Тимофей снова и снова проверял и перепроверял свои расчеты. В них всё было правильно. А сбой произошёл. И следовало понять причину. Без этого нельзя двигаться дальше, потому что, не выявив причину сбоя, они становились заложниками повторения сбоя в будущем, на орбите, что куда опаснее и чревато жертвами. В конце концов, он договорился о встрече с Келдышем, чтобы и тот ещё раз перепроверил расчеты. Мстислав Всеволодович, пожурив Чумакова за неоправданные сомнения, лишь подтвердил их правильность. Но это не значило, что можно успокоиться, сбой-то был.

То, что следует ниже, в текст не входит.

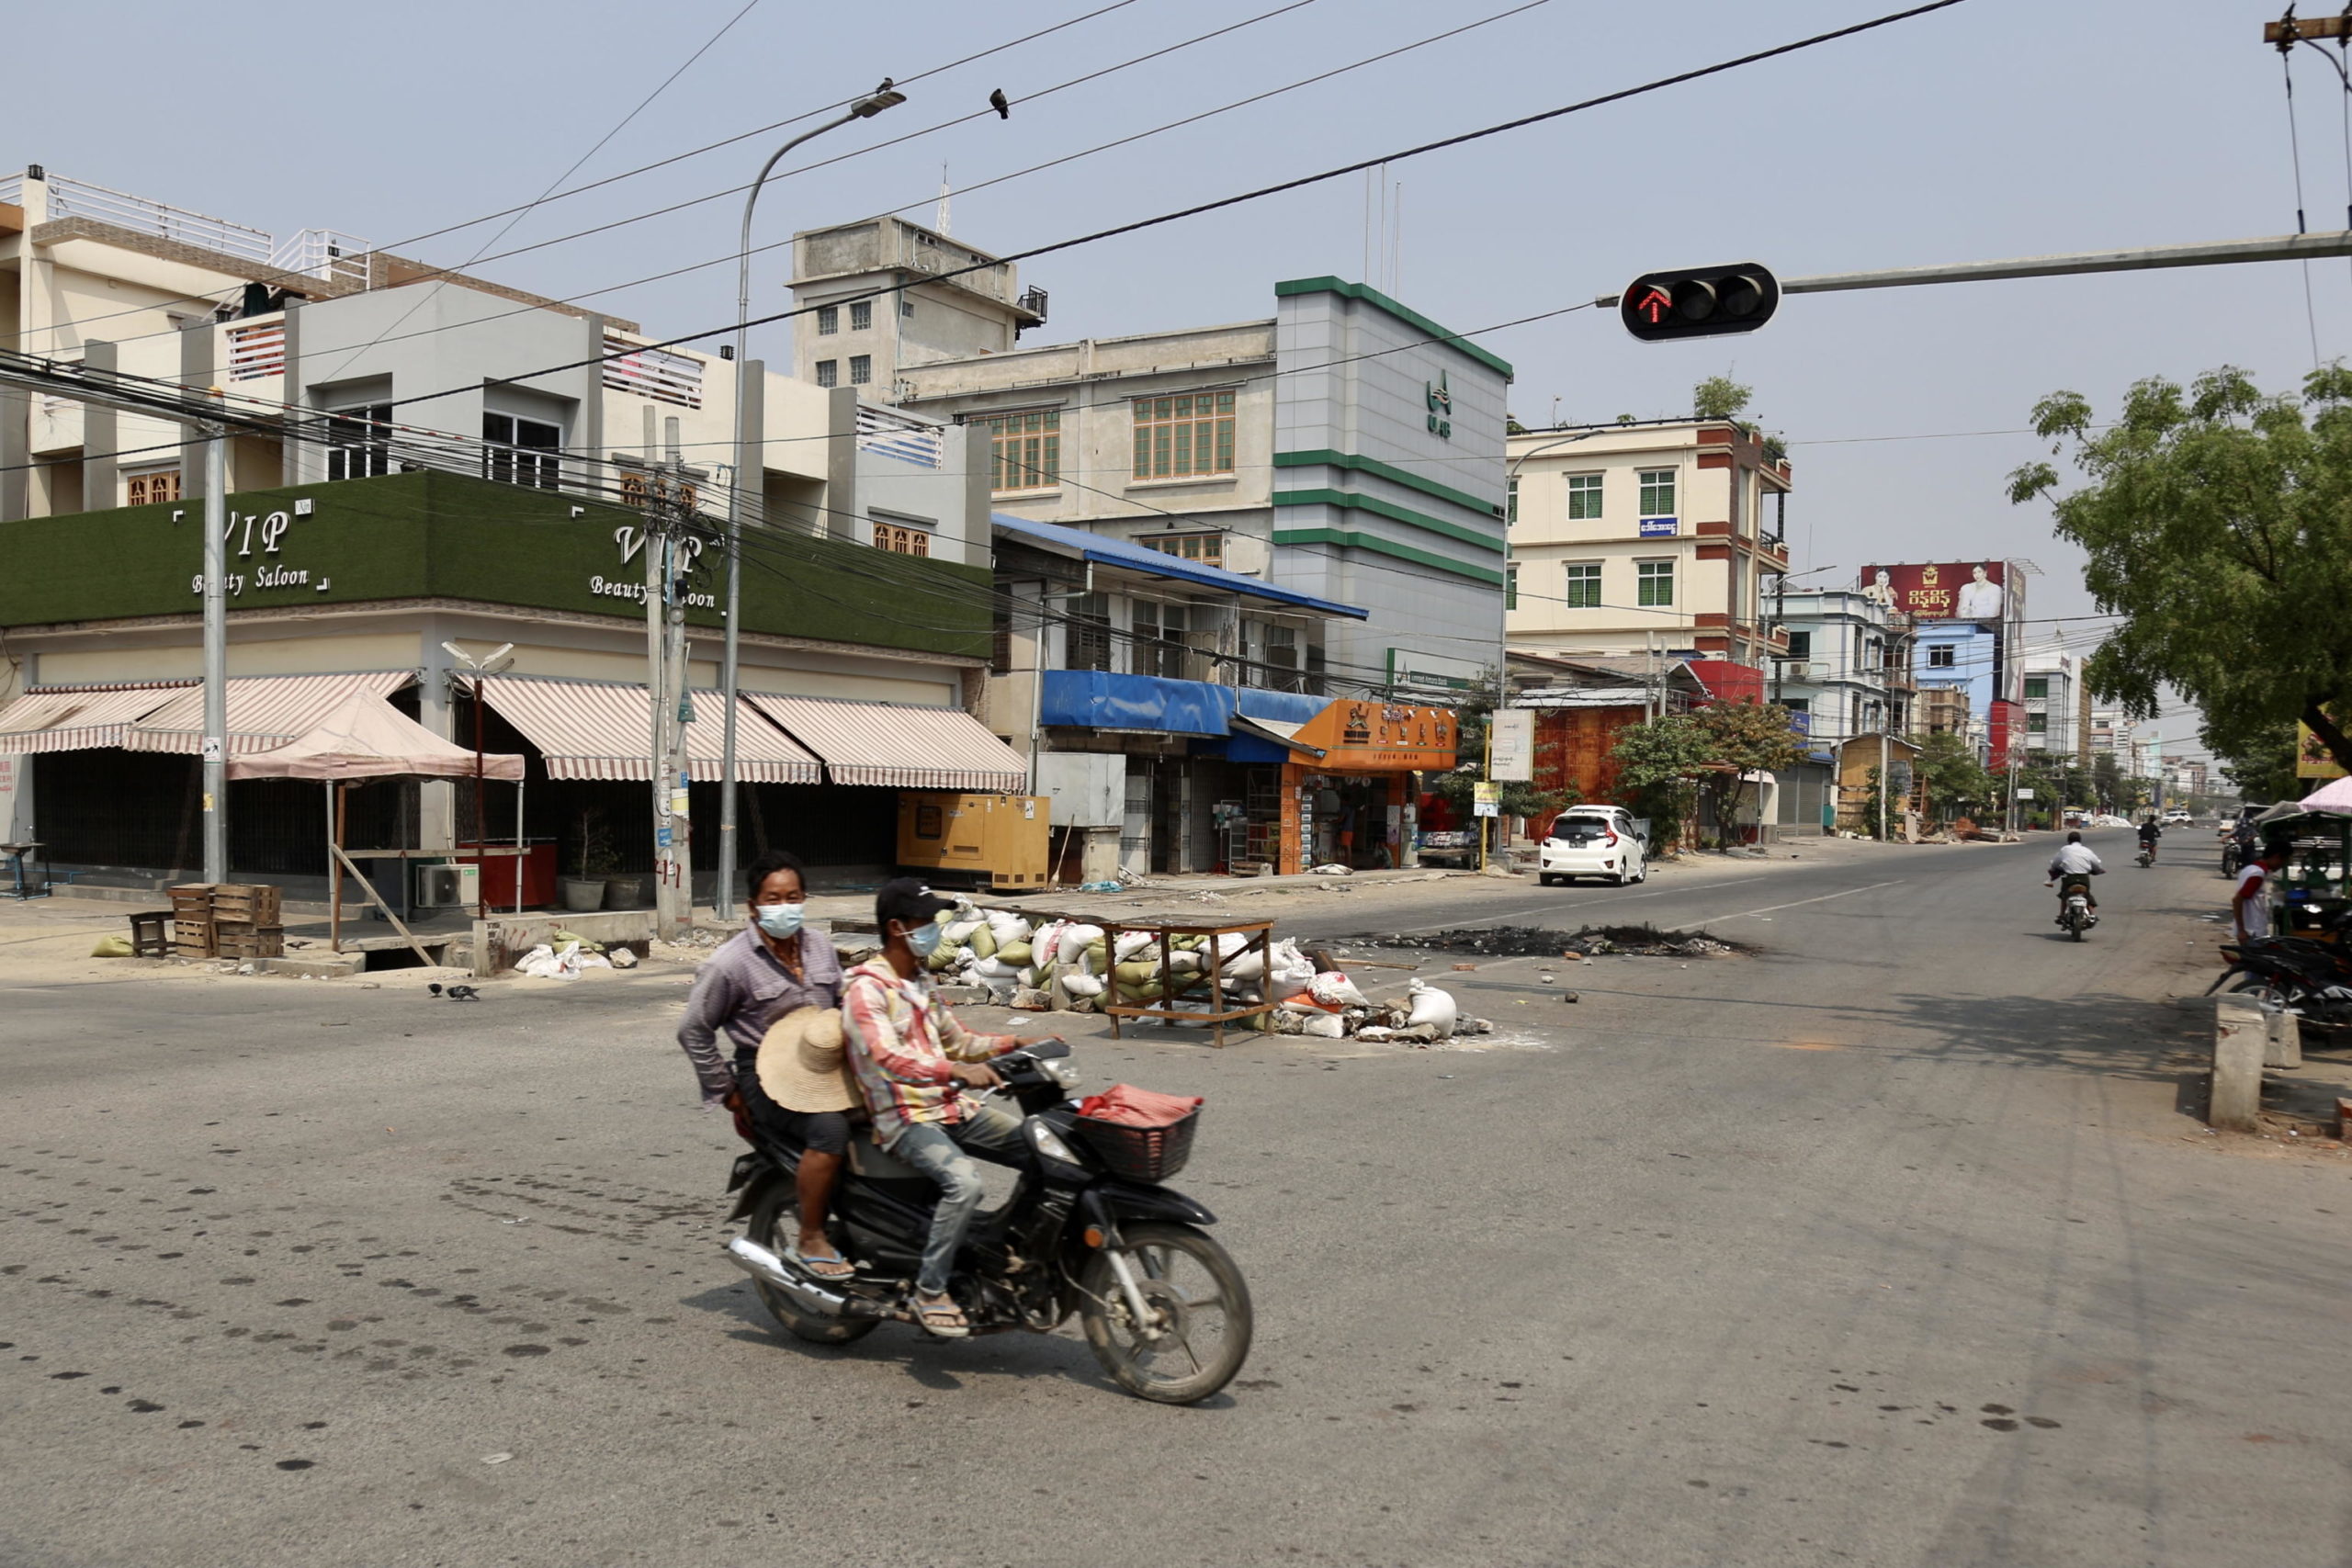 Una moto passa davanti a locali chiusi per protesta contro i militari

Обстоятельства складывались так, что, опередив на шаг, а то и на два, американцев в создании пилотируемых космических аппаратов, страна стала отставать по искусственным спутникам. А это и разведка, и связь, и в недалёком будущем космическое оружие. Что-то не пошло. На каждый наш запуск американцы отвечали целой серией. Строчили, как из пулемёта. Вот и опять; стоило нам 10-го декабря запустить «Космос-51», как американцы тут же в ответ выстрелили десятью; один из них будет висеть в космосе целых тридцать лет, а ещё два – аж сто. Мы же «Космос-52» сможем запустить лишь в конце первой декады. Это угнетало, но выпускать не готовую продукцию было смерти подобно.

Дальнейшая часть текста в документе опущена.